DO NOT LET THAT RELATIONSHIP DIE!

Kill the relationship.  Just end it.  It’s the easiest way out.  Abortion solves unwanted pregnancies; divorce stops the bleeding in difficult marriages; quitting is the quickest answer to a barbaric boss; and walking out of a relationship gone bad means instant peace.  Done.  Over with.  The end.  No more hassle.

Oh, yes.

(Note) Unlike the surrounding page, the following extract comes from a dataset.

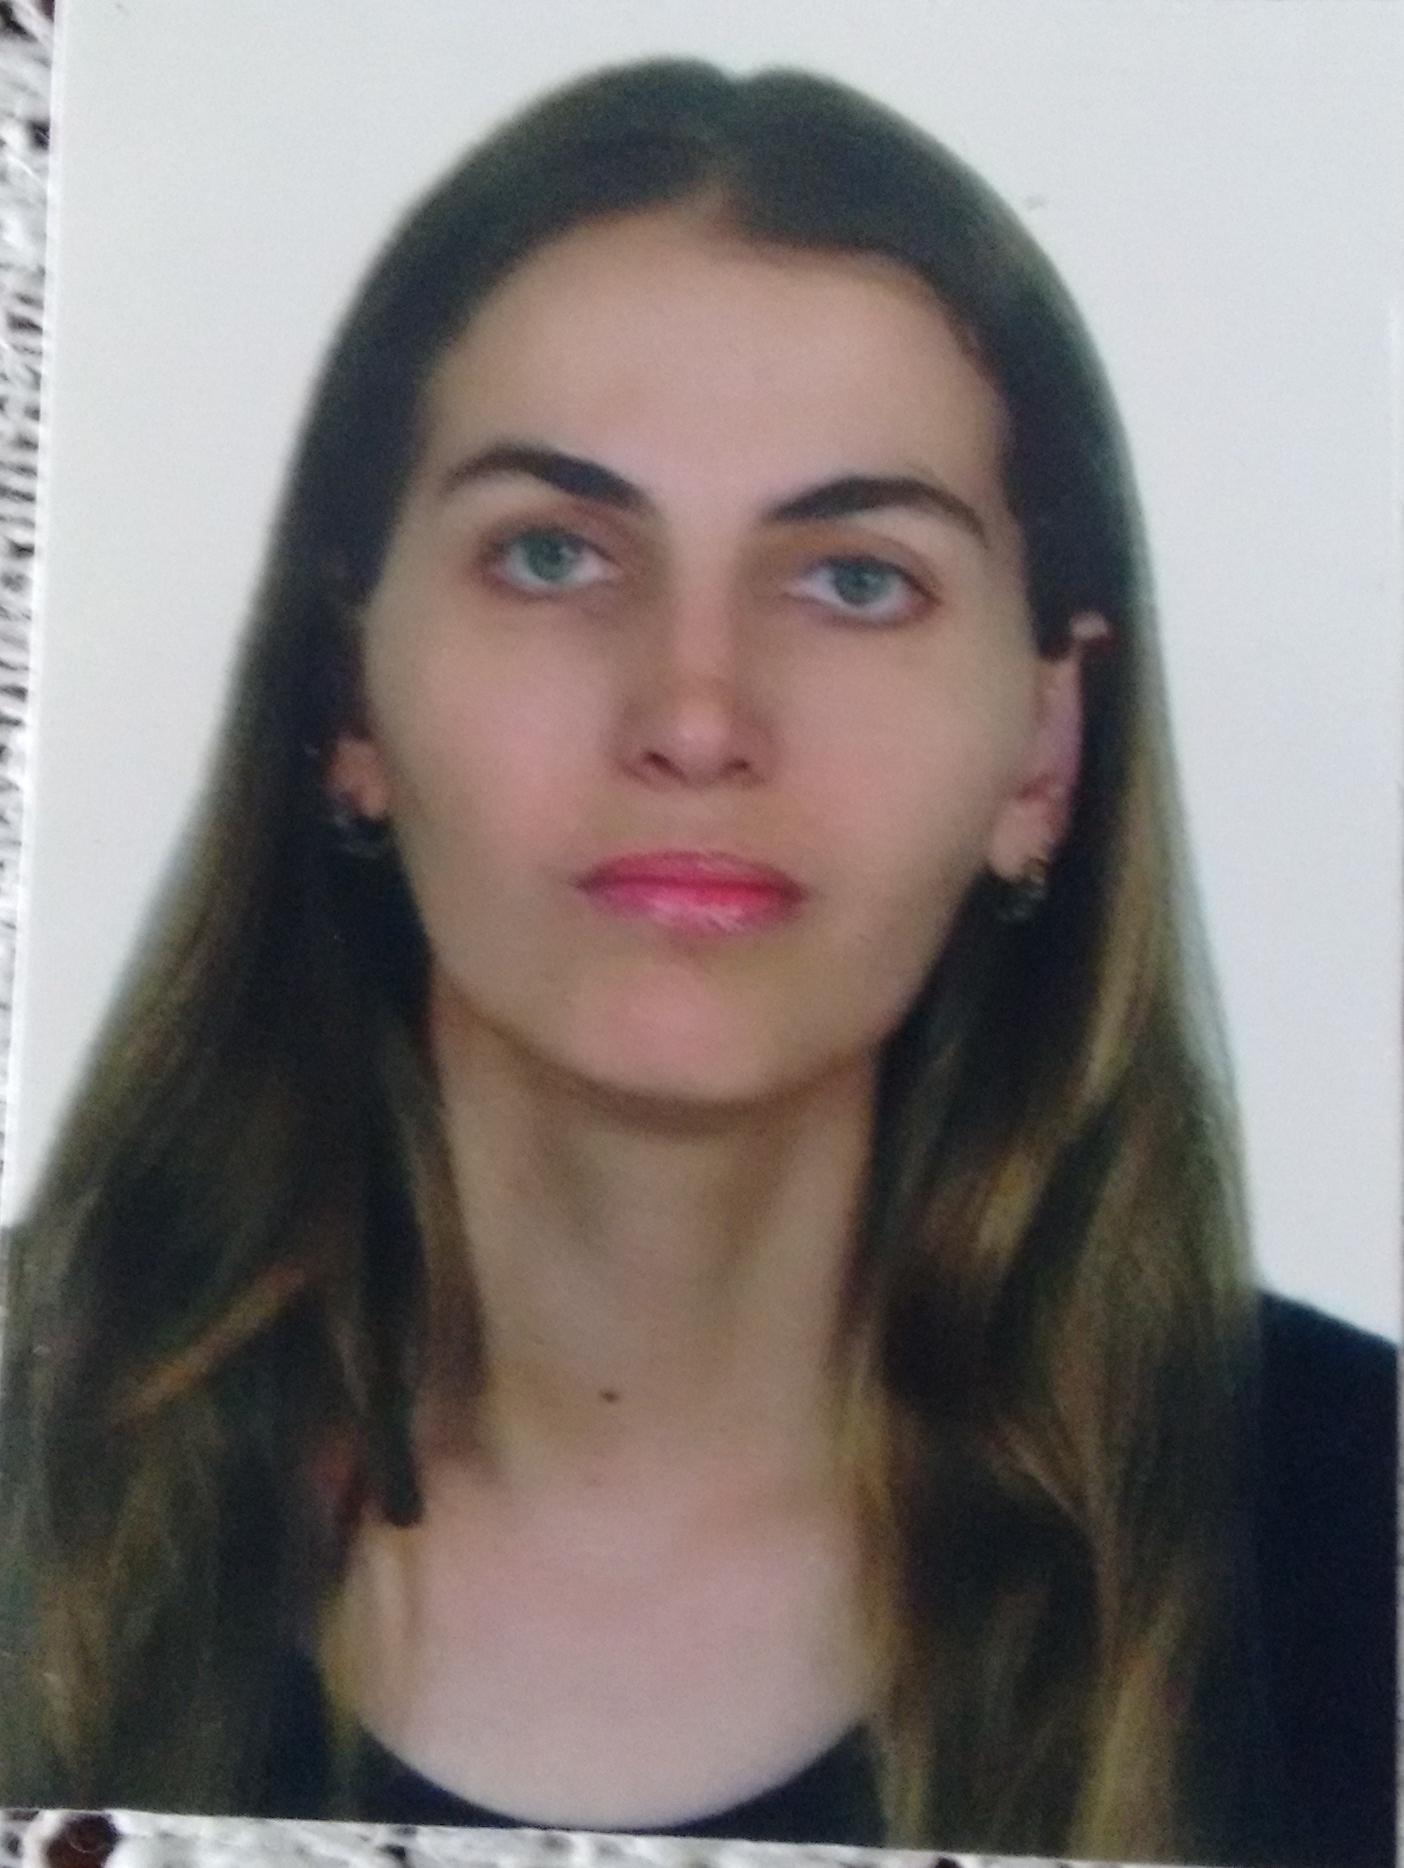 juliana mara varejão gobbi mateus

There is a caveat.  It’s pretty big.  Maybe bigger than the act of severance.  The complications resulting from terminating the relationship may haunt the soul, they may poison the well of future relationships, they may forfeit any potential benefit one might gain from the relationship, and they may cripple the will for reconciliation.  But the most egregious of all the fallout for killing the relationship is the devaluing of the person.  It’s choosing death over life.  It pronounces judgment on the very fabric of humanity itself—the infinite value of people living in community, of people loving and cherishing other people. 

Life loses its meaning without relationships.  Our earliest recollections revolve around our relationship with a mother and a father—or those who served those roles in our lives.  Then many of us had brothers, sisters, grandparents, aunts, uncles, cousins, playmates, school friends, teachers, coaches, and so on.  We define our lives by the interaction we had and continue to have with other people who share our space and participate in our experiences.  Our likes and dislikes, our good times and bad times, our successes and defeats, our laughter and our tears, our happiness and our sadness, our joys and our sorrows—the entire spectrum of emotions and feelings shape our psyches as products of our relationships.  Every birthday party, every Christmas, every graduation, every family reunion can only be processed and understood by the quality of our relationships. 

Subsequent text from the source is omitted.